» **EXERCISE DIRECTIONS**:
Without pictures, output exactly the lines running from the line containing "Astronaut Jose Hernandez" to the end of the listing below.

» **DATASET EXTRACT**:
--------------------------------------------------

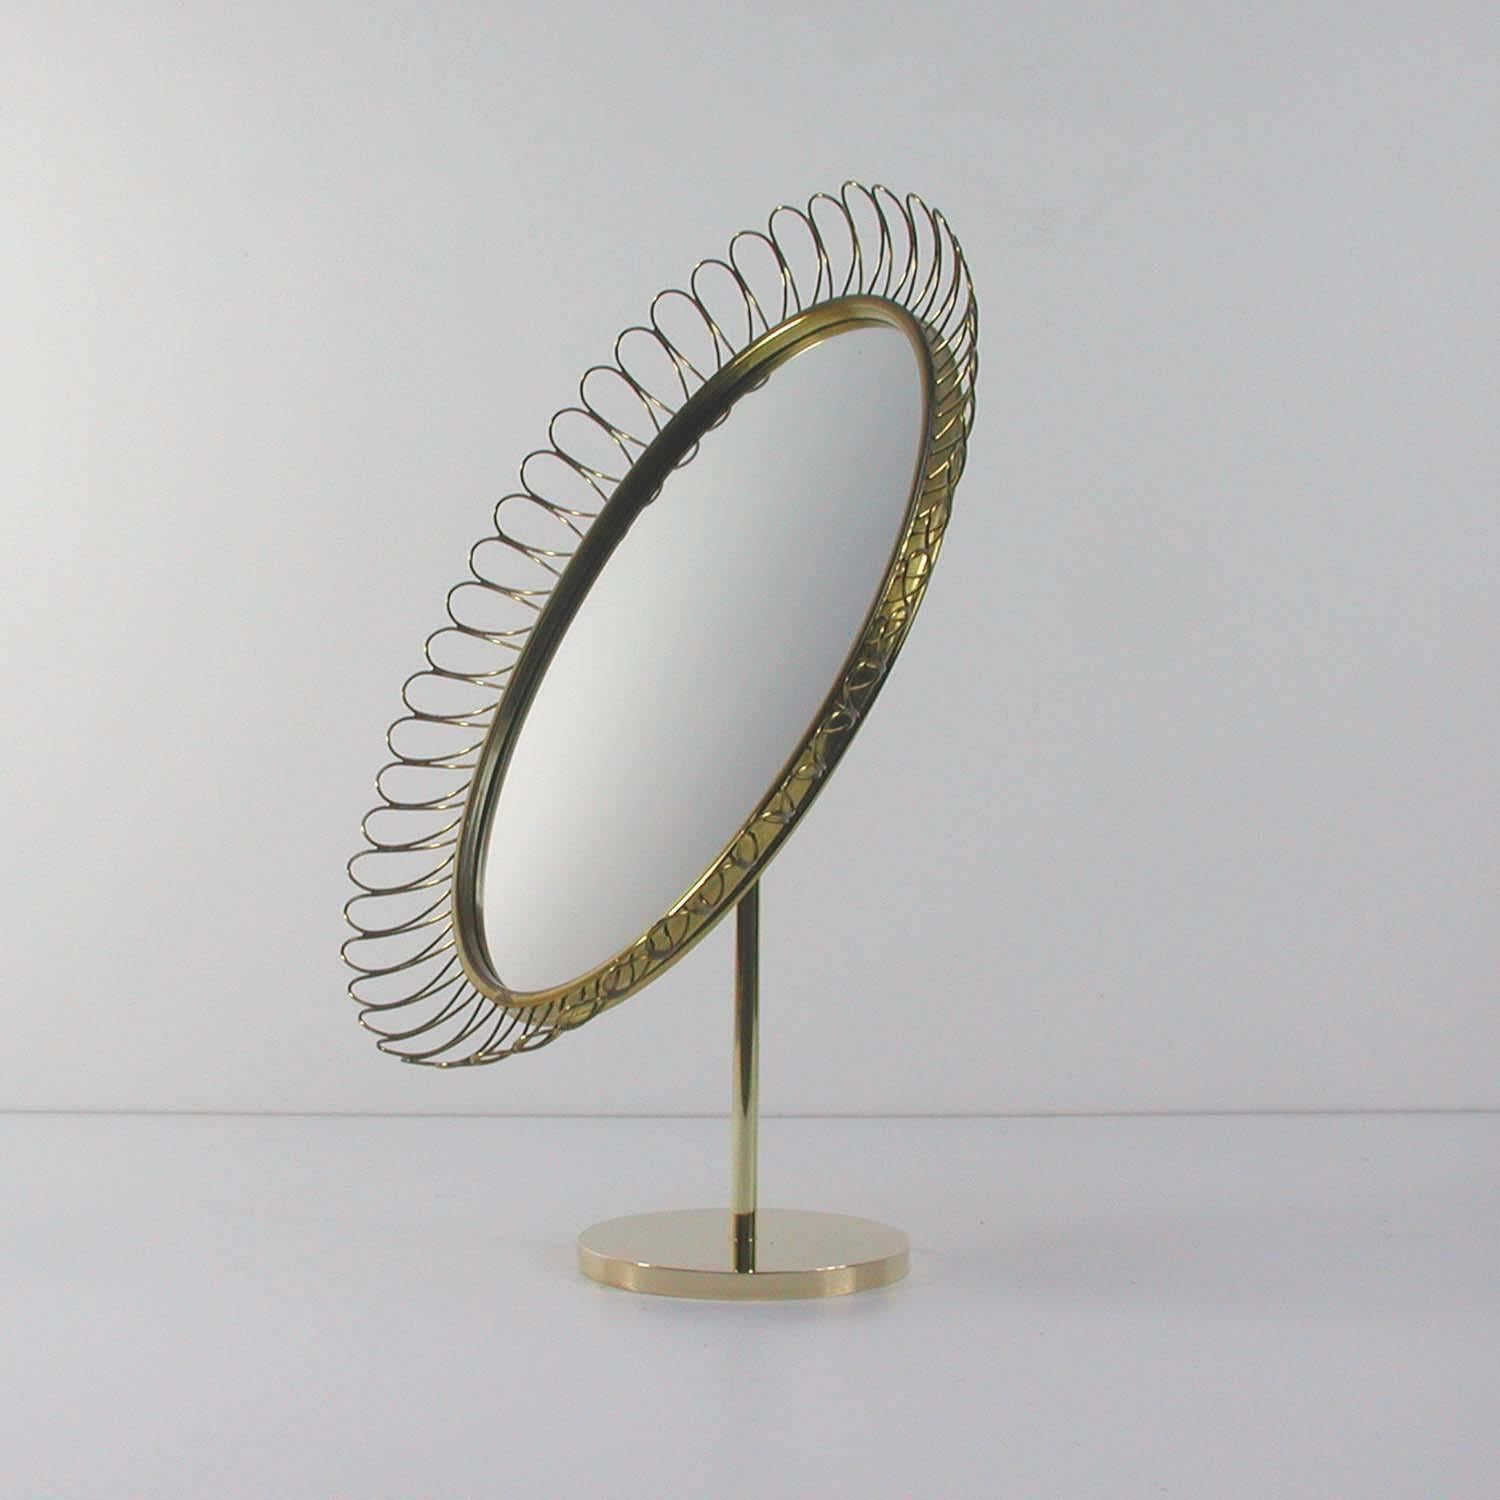 This oval vanity mirror was made in Sweden in the 1950s in the manner of Josef Frank for Svenskt Tenn. It is made of a brass looped frame and has got a solid brass foot. The rear is made of teak veneer. The mirror is adjustable.
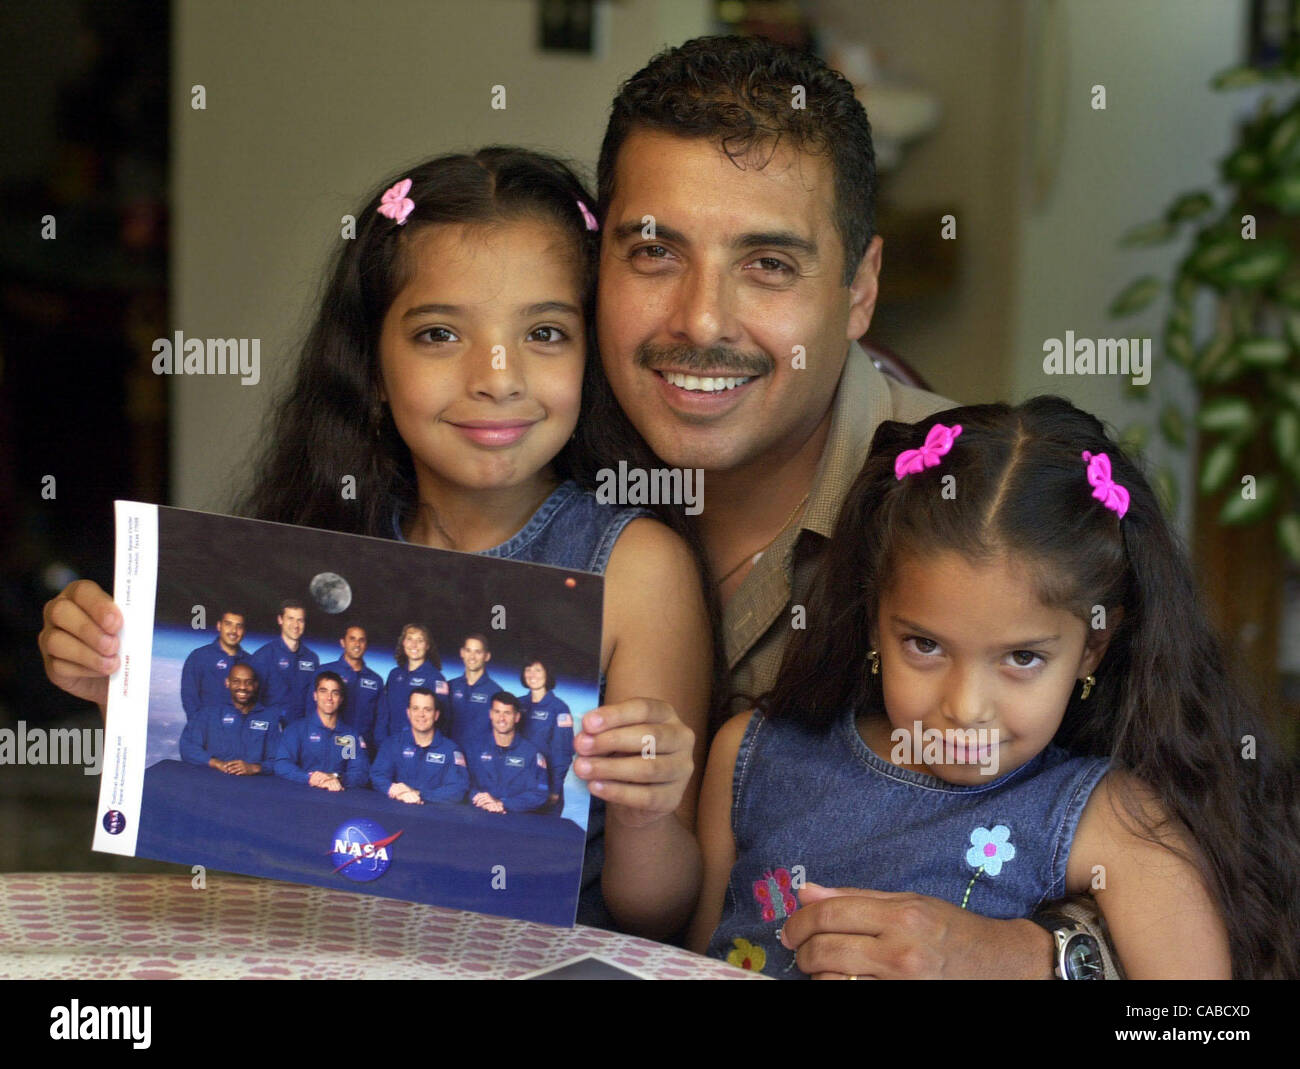 Astronaut Jose Hernandez 41 With Two Of His Children Karina 8 And CABCXD 
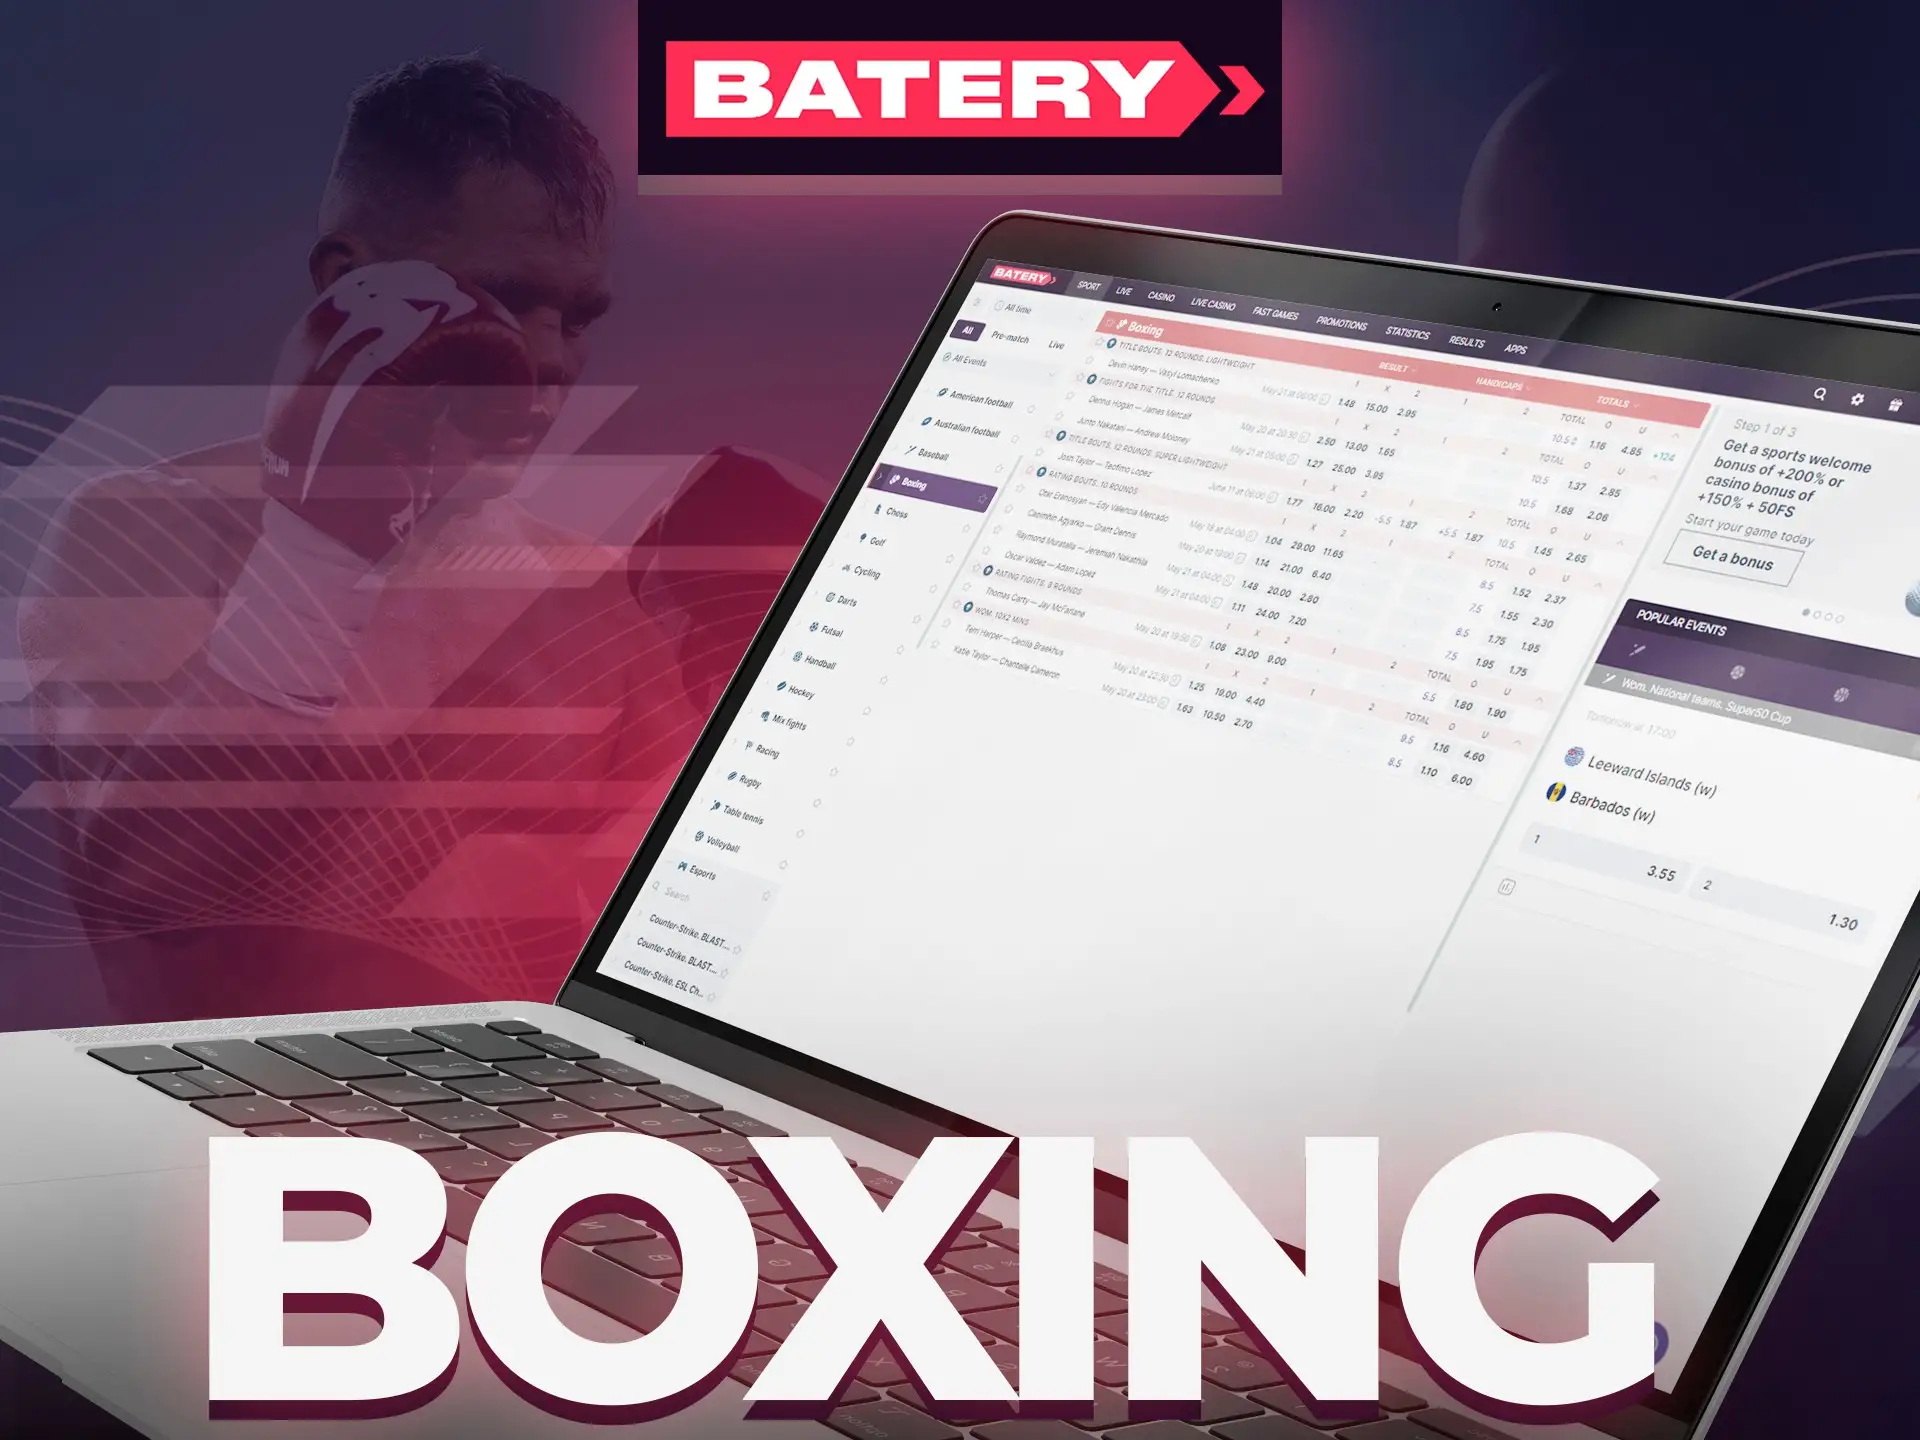 Get your winnings by betting on most profitable boxing fighter at Batery.
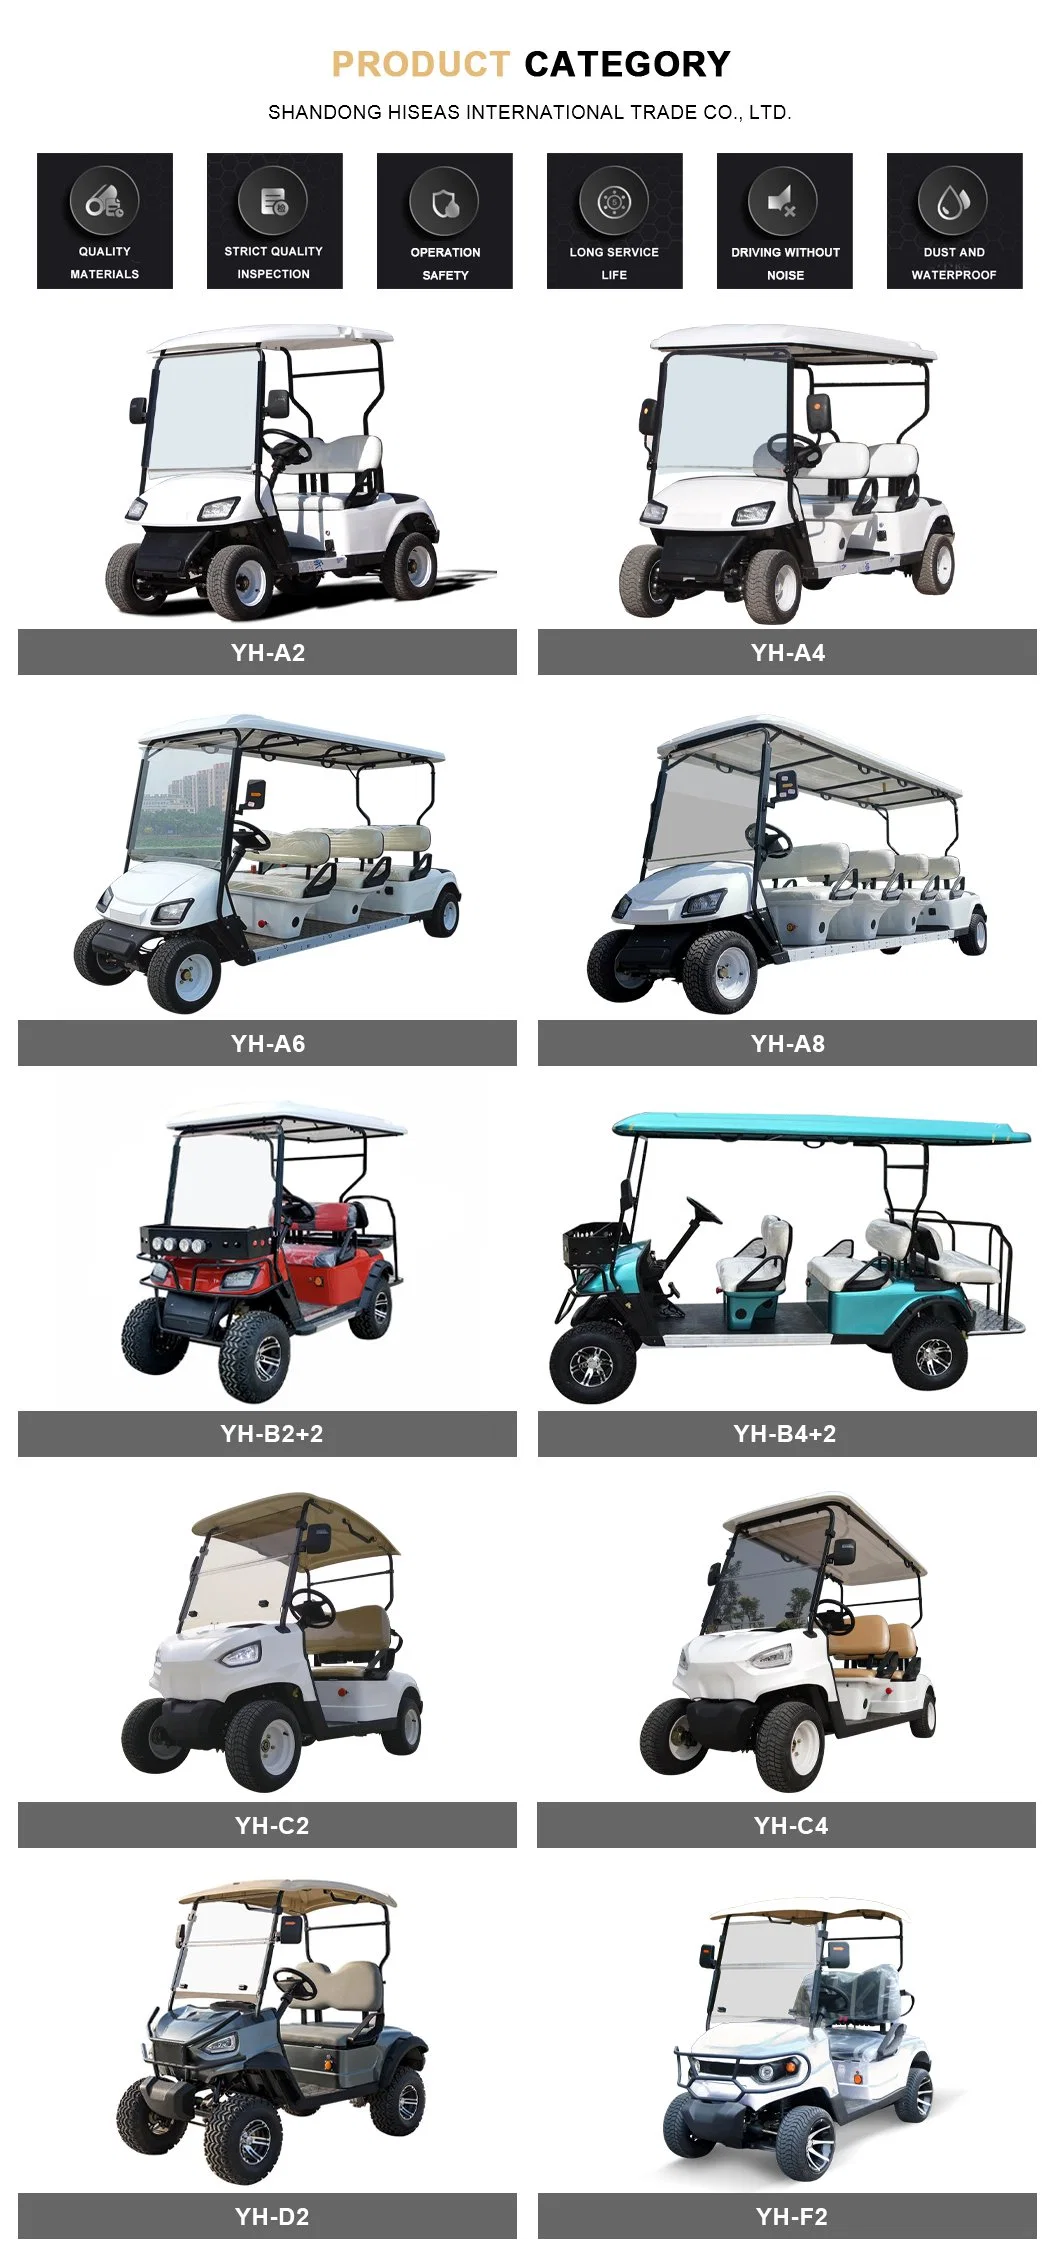 Low Price New The Future of Golfing Club Lead Acid/Lithium Battery 48V/60V/72V 2, 4, 6, 8, 10 Seats/Seater Huntin Massive Rim Tires off Road Electric Golf Carts

--------------------------------------------------

» **ANSWER SPACE**:
 Astronaut Jose Hernandez 41 With Two Of His Children Karina 8 And CABCXD 
 Get your winnings by betting on most profitable boxing fighter at Batery.
 Low Price New The Future of Golfing Club Lead Acid/Lithium Battery 48V/60V/72V 2, 4, 6, 8, 10 Seats/Seater Huntin Massive Rim Tires off Road Electric Golf Carts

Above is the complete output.